Principle 4: Limiting the Spread
  • Using protective barriers.
  • Plastic covers on dental chairs.

Universal Precautions

  • Approach where all human blood/bodily fluids are treated as infectious.
  • Assume infectiousness; protect self/patients.

Standard Precautions

  • Protocols/practices followed regardless of infectious status/health history.
  • Universal is the assumption, standard is the practice.
  • Applies to:
    • Blood.
    • Bodily fluids.
    • Secretions.
    • Excretions (except sweat and tears).
    • Non-intact skin.
    • Mucous membranes
  • Why assume everyone is infectious?
    • Better safe than sorry.
    • Patients may not disclose information accurately or understand the need to disclose.

Engineering Controls

  • Adaptations in the environment to make it safer.

Work Practice Controls

  • Precautionary measures to prevent issues.
  • Performing tasks in a way that minimizes risk of exposure.
  • Example: Recapping needles using countertop instead of holding the cap.

PPE (Personal Protective Equipment)

  • Worn to protect self and patient.
  • Masks, eyewear, gloves, etc.
  • Types of gloves:
    • Medical examination gloves: Clean, not sterile.
    • Surgical gloves: Sterile, individually packaged, left/right-hand specific.
    • Heavy-duty/utility gloves: Thicker, for handling instruments and cleaning rooms.
    • Each student will get their own utility glove
  • Face and eye protection:
    • Standard of care to provide patients with eyewear.
  • Masks:
    • ASTM Level 3 mask prevents most aerosols and droplets from going through.
    • N95 masks used when sick or treating patients with tuberculosis (very communicable disease).
  • Hand hygiene:
    • Single most important way to prevent disease transmission.
    • Remove rings and jewelry first.
    • Keep fingernails short with smooth filed edges (quarter inch max, if you see the fingernail when looking at your palm, it is too long.)

Sterilization

  • Destruction of all living organisms, including bacterial spores (bacteria in a static state that they can come back out of).
  • Terms:
    • Critical, semicritical, noncritical items.
      Noncritical items: Contact only with intact skin.
      Semicritical items: Contact oral fluids but do not penetrate soft tissue/bone.
      Critical instruments: Penetrate soft tissue or bone.

Levels of Clean

  • Sanitation/cleaning:
    • Reducing contaminants to a safe level (e.g., countertops).
  • Disinfection:
    • Using chemicals, UV, or X-rays to destroy microorganisms (but doesn't affect spores).
  • Sterilization:
    • Removing live and spore forms of viruses/bacteria (physical or chemical).
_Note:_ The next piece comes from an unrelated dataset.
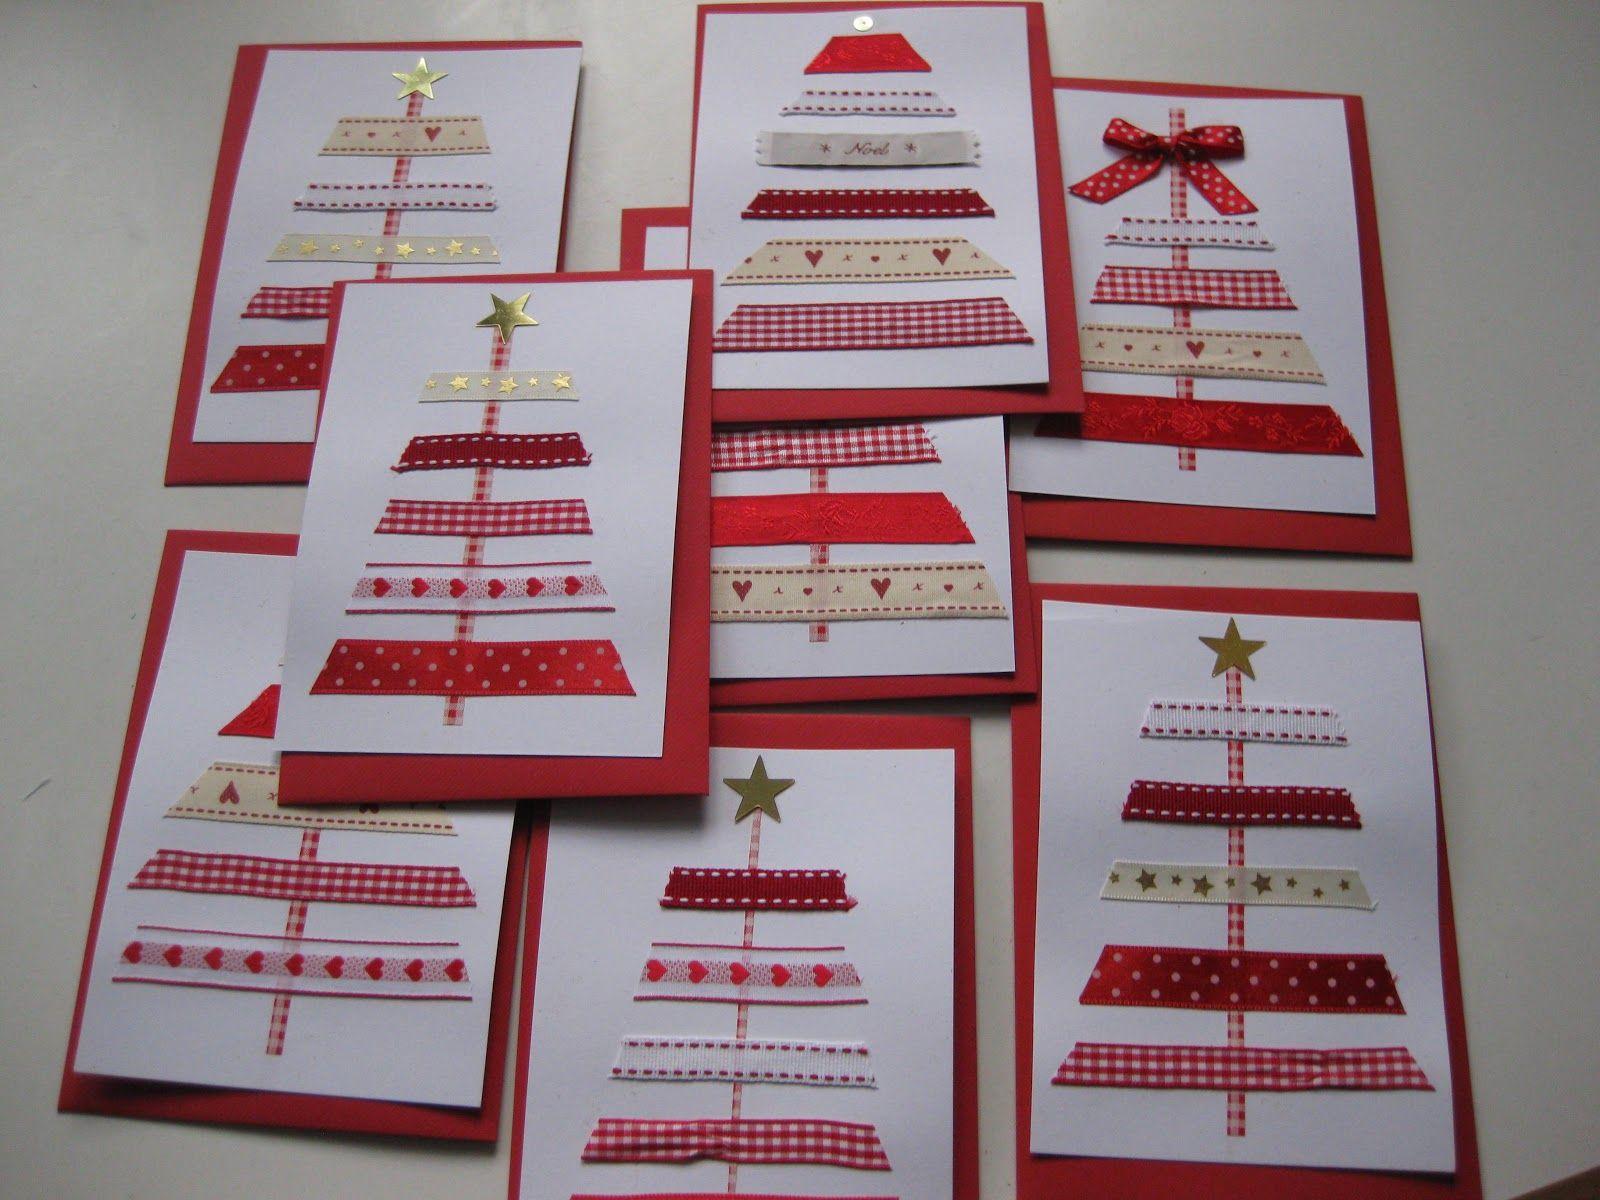 Drukdruk kerstkaarten love pinterest postals de - Adornos de nadal ...

Instrument Cleaning Process

  • Transport in solid container.
  • Presoak to remove material.
  • Melee machine or ultrasonic to preclean before sterilization.

Methods of Sterilization

  • Heat sterilization (heat under pressure).
  • Sterilization pouches.
  • Know specs for different types of heat sterilization (time, pressure, heat).
  • Heat kills live bacteria; pressure kills spores.
  • Dry heat can sterilize but takes longer and wears instruments faster.
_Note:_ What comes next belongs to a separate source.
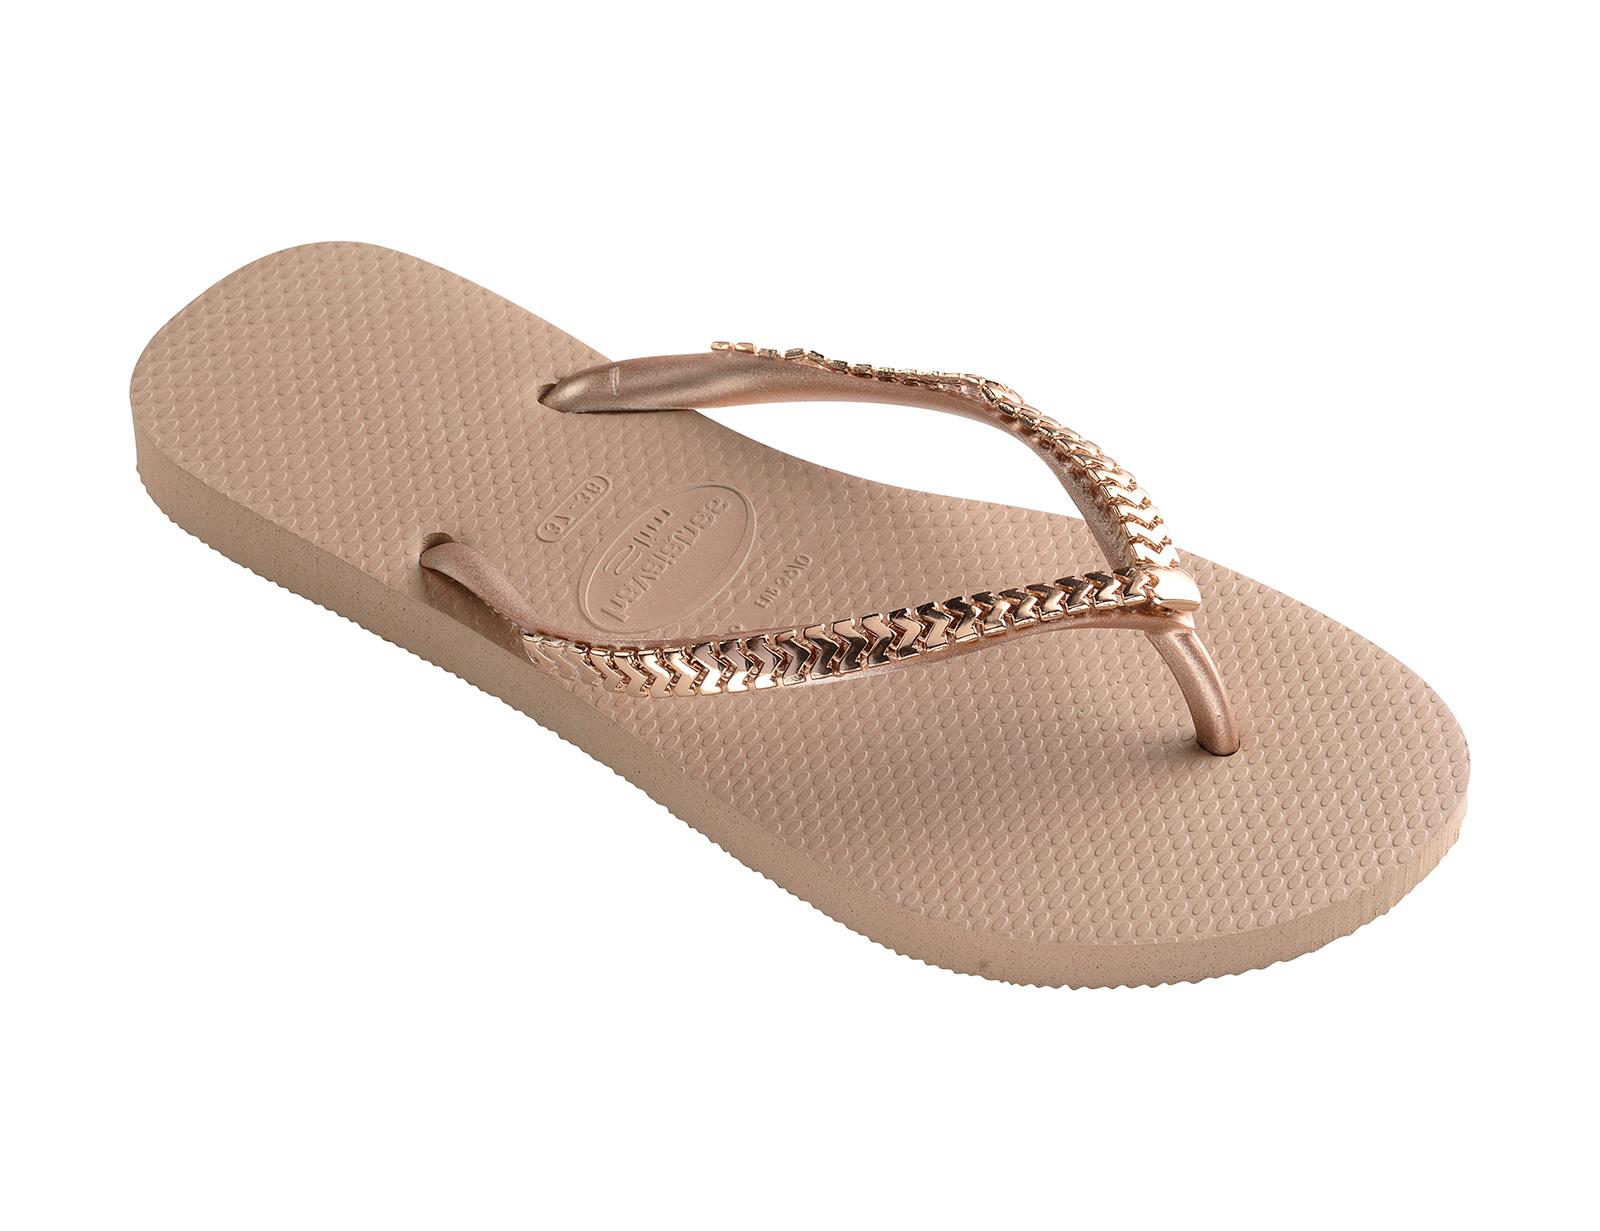 Havaianas Flip-Flops With Metallic Pink Gold Straps - Slim Metal Grega Rose Gold-4576

Classes of Disinfectants and Sterilants

  • Glutaraldehydes, fluorines, iodophors, and phenolics.
  • Disinfectants should kill broad spectrum antibacterial and antiviral, tuberculosis, hep a, hep b, hep c, HIV.
  • Cold sterilization for plastics:
    • Uses glutaraldehyde mixture for 3-24 hours.

Assuring Sterility

  • Biological indicators.

Biohazard

  • Anything that can transmit a disease (bacteria or virus).
  • Know symbols and appropriate colors (red).
  • Sharps containers for sharp items.